### TASK TO COMPLETE:
Emit the data below verbatim, stripping out any pictures.

### DATA BLOCK:
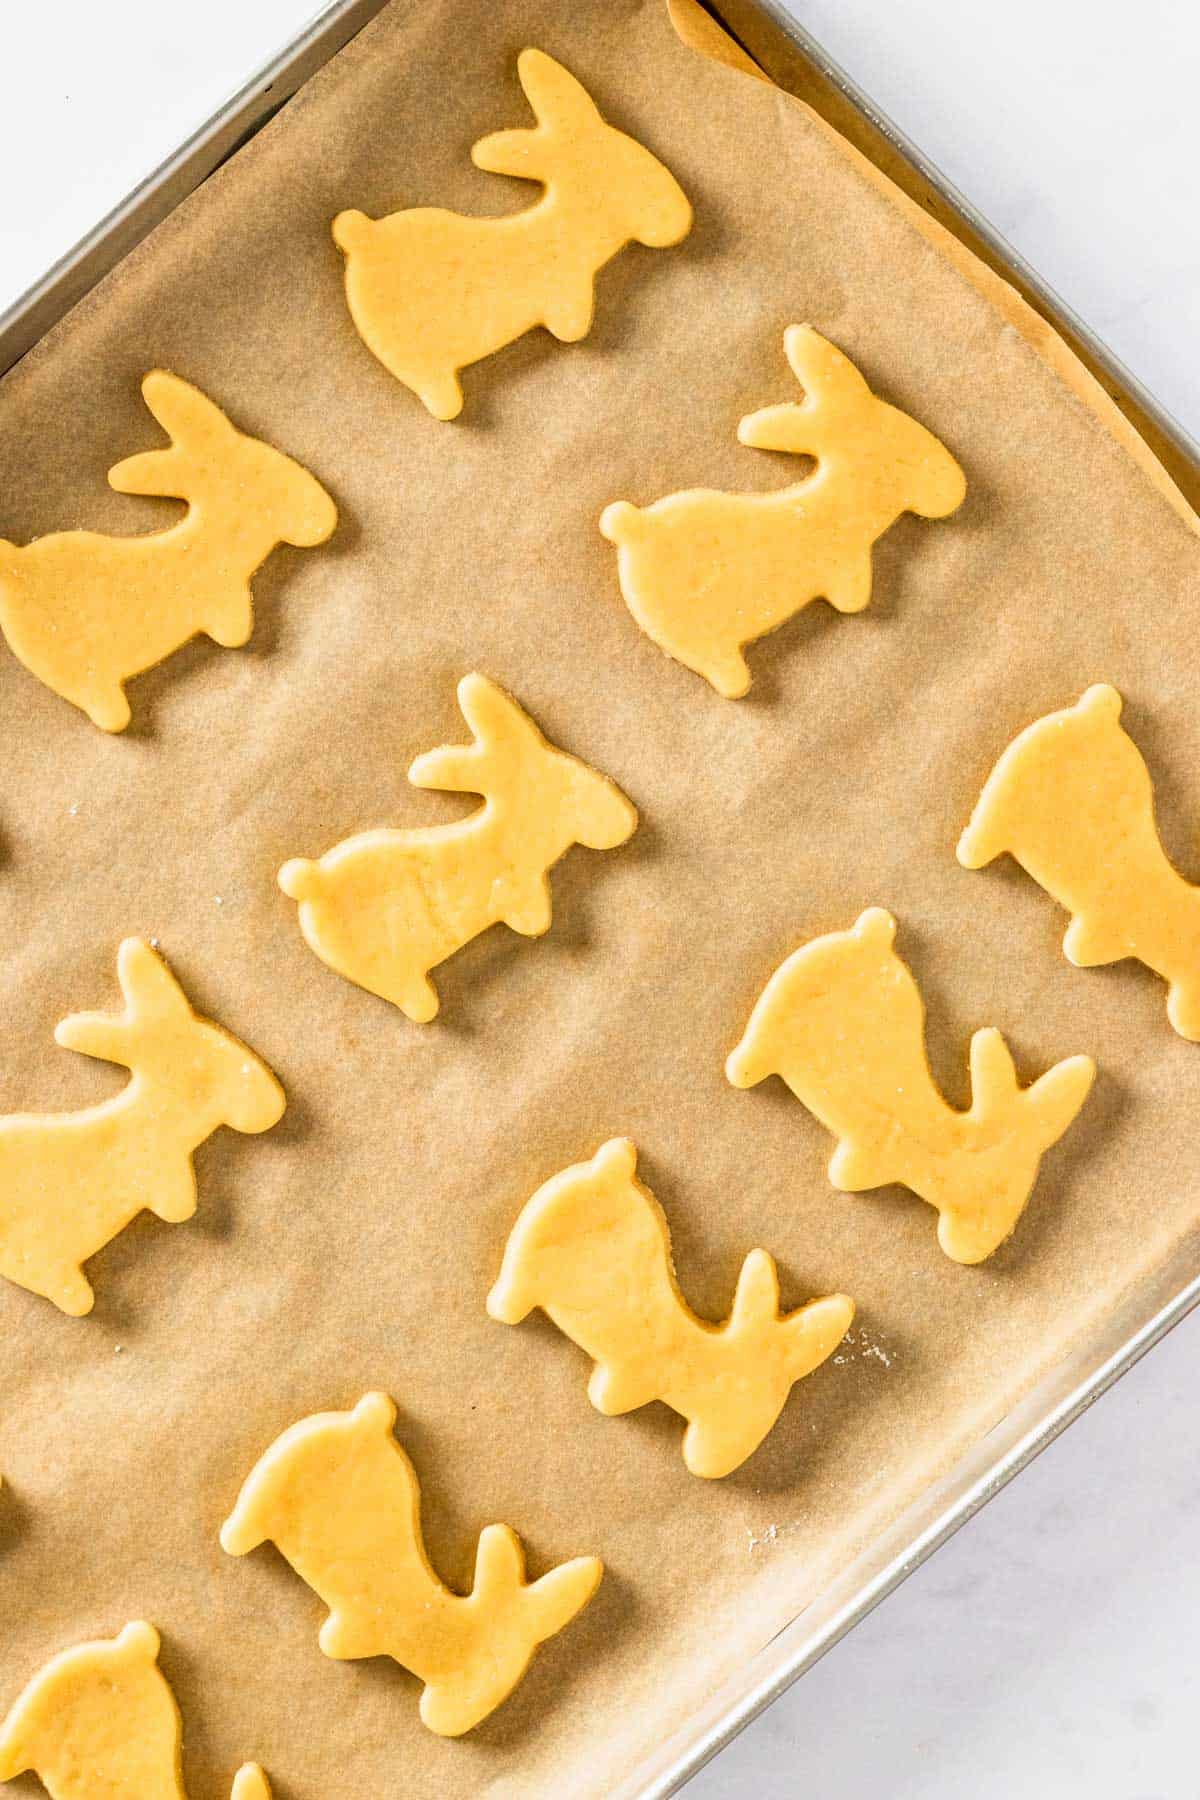 place bunny shaped cookies onto baking sheet
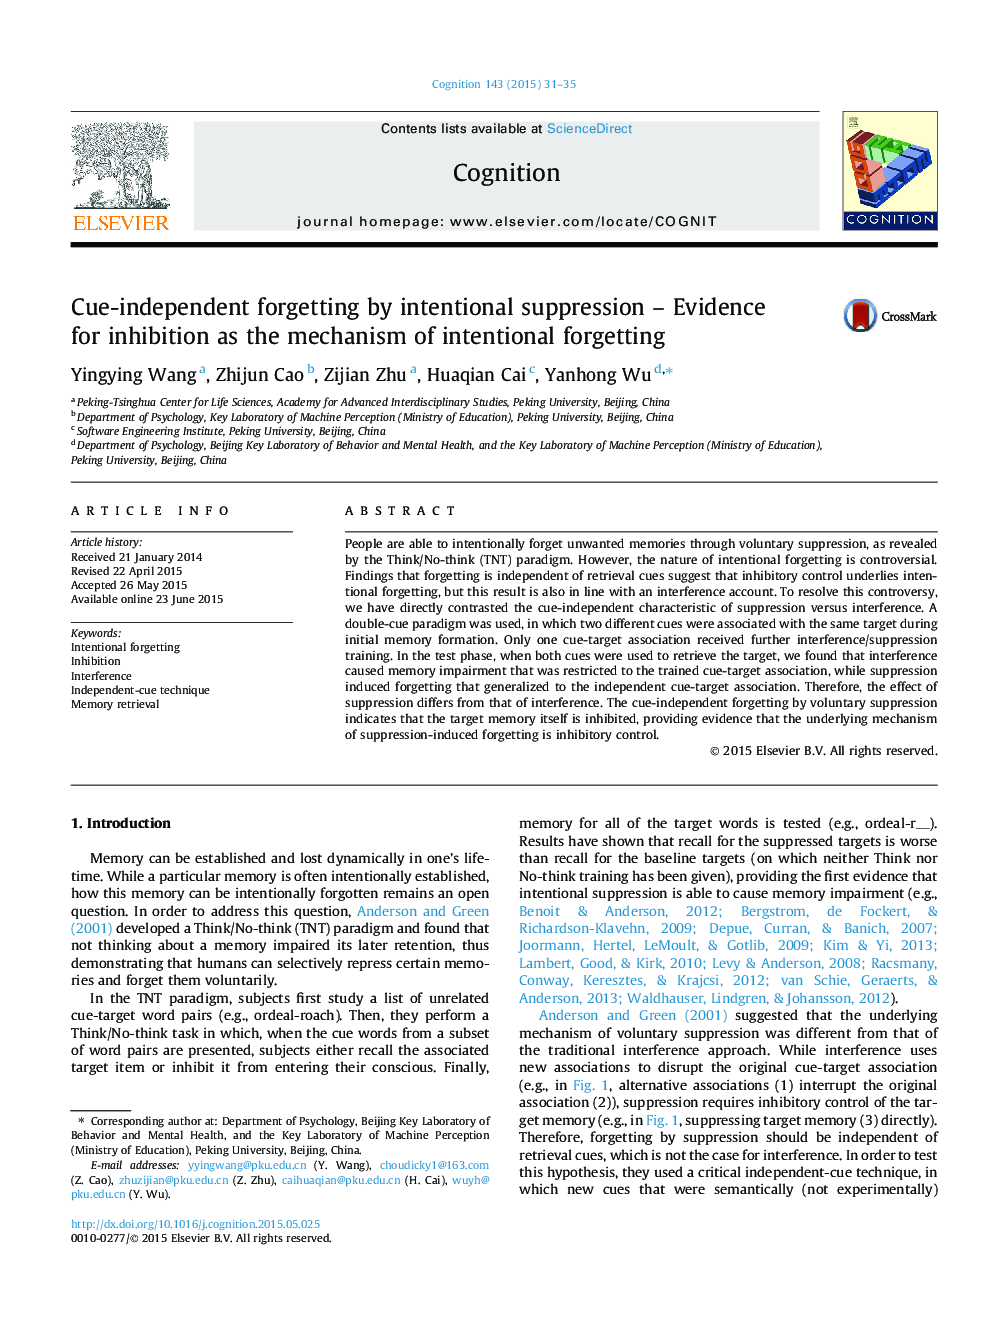 Cue-independent forgetting by intentional suppression - Evidence for inhibition as the mechanism of intentional forgetting
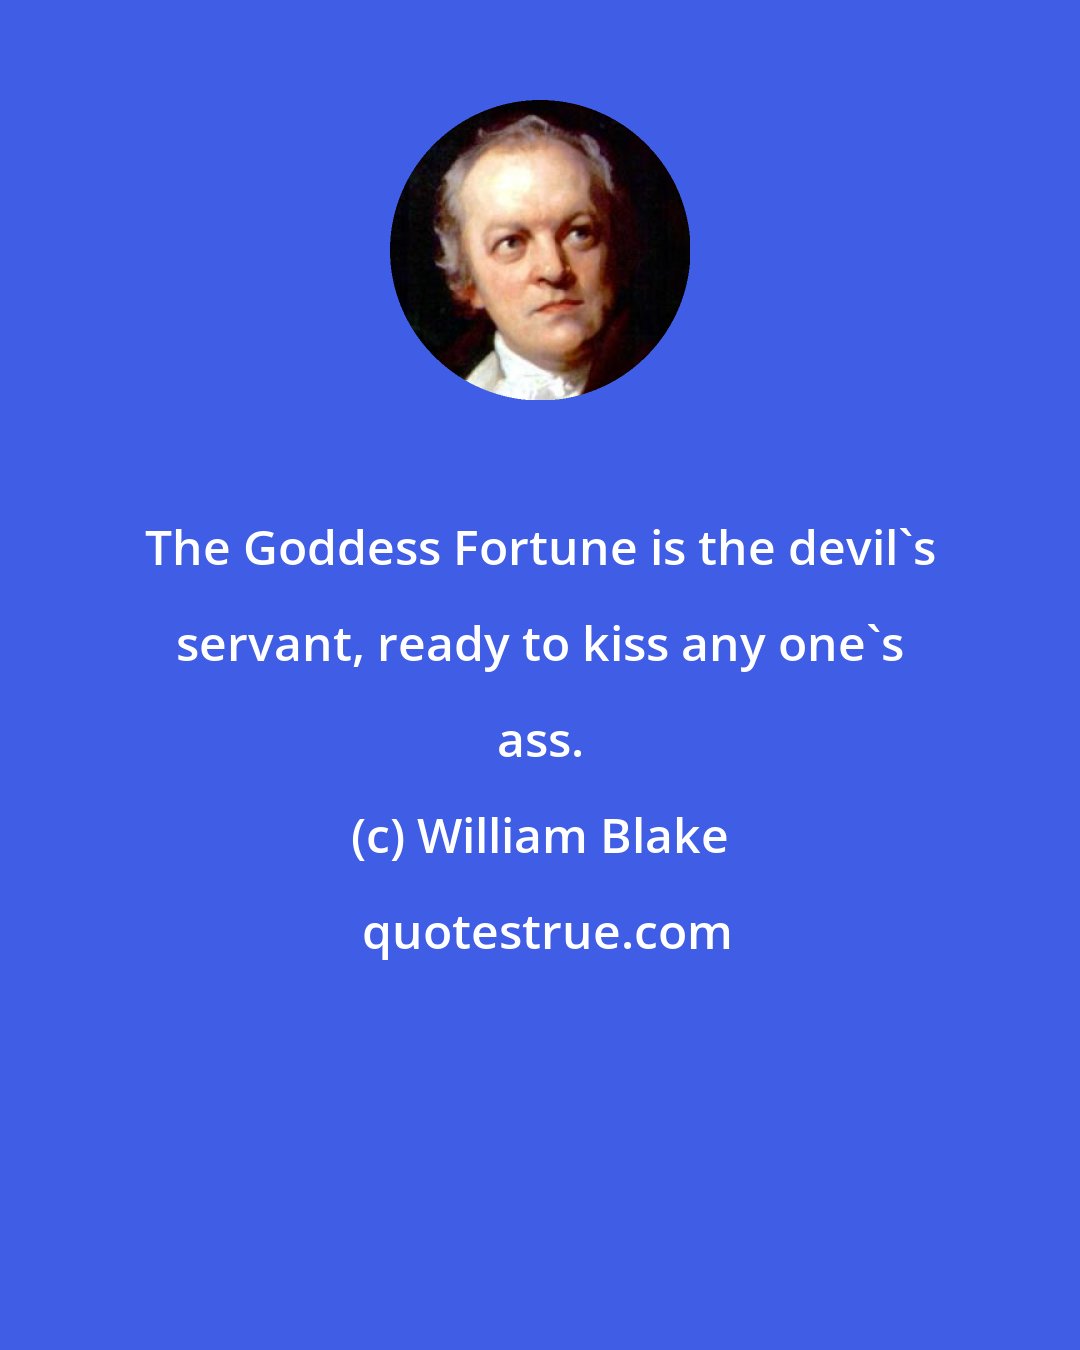 William Blake: The Goddess Fortune is the devil's servant, ready to kiss any one's ass.

### TASK ANSWER:
 place bunny shaped cookies onto baking sheet
 Cue-independent forgetting by intentional suppression - Evidence for inhibition as the mechanism of intentional forgetting
 William Blake: The Goddess Fortune is the devil's servant, ready to kiss any one's ass.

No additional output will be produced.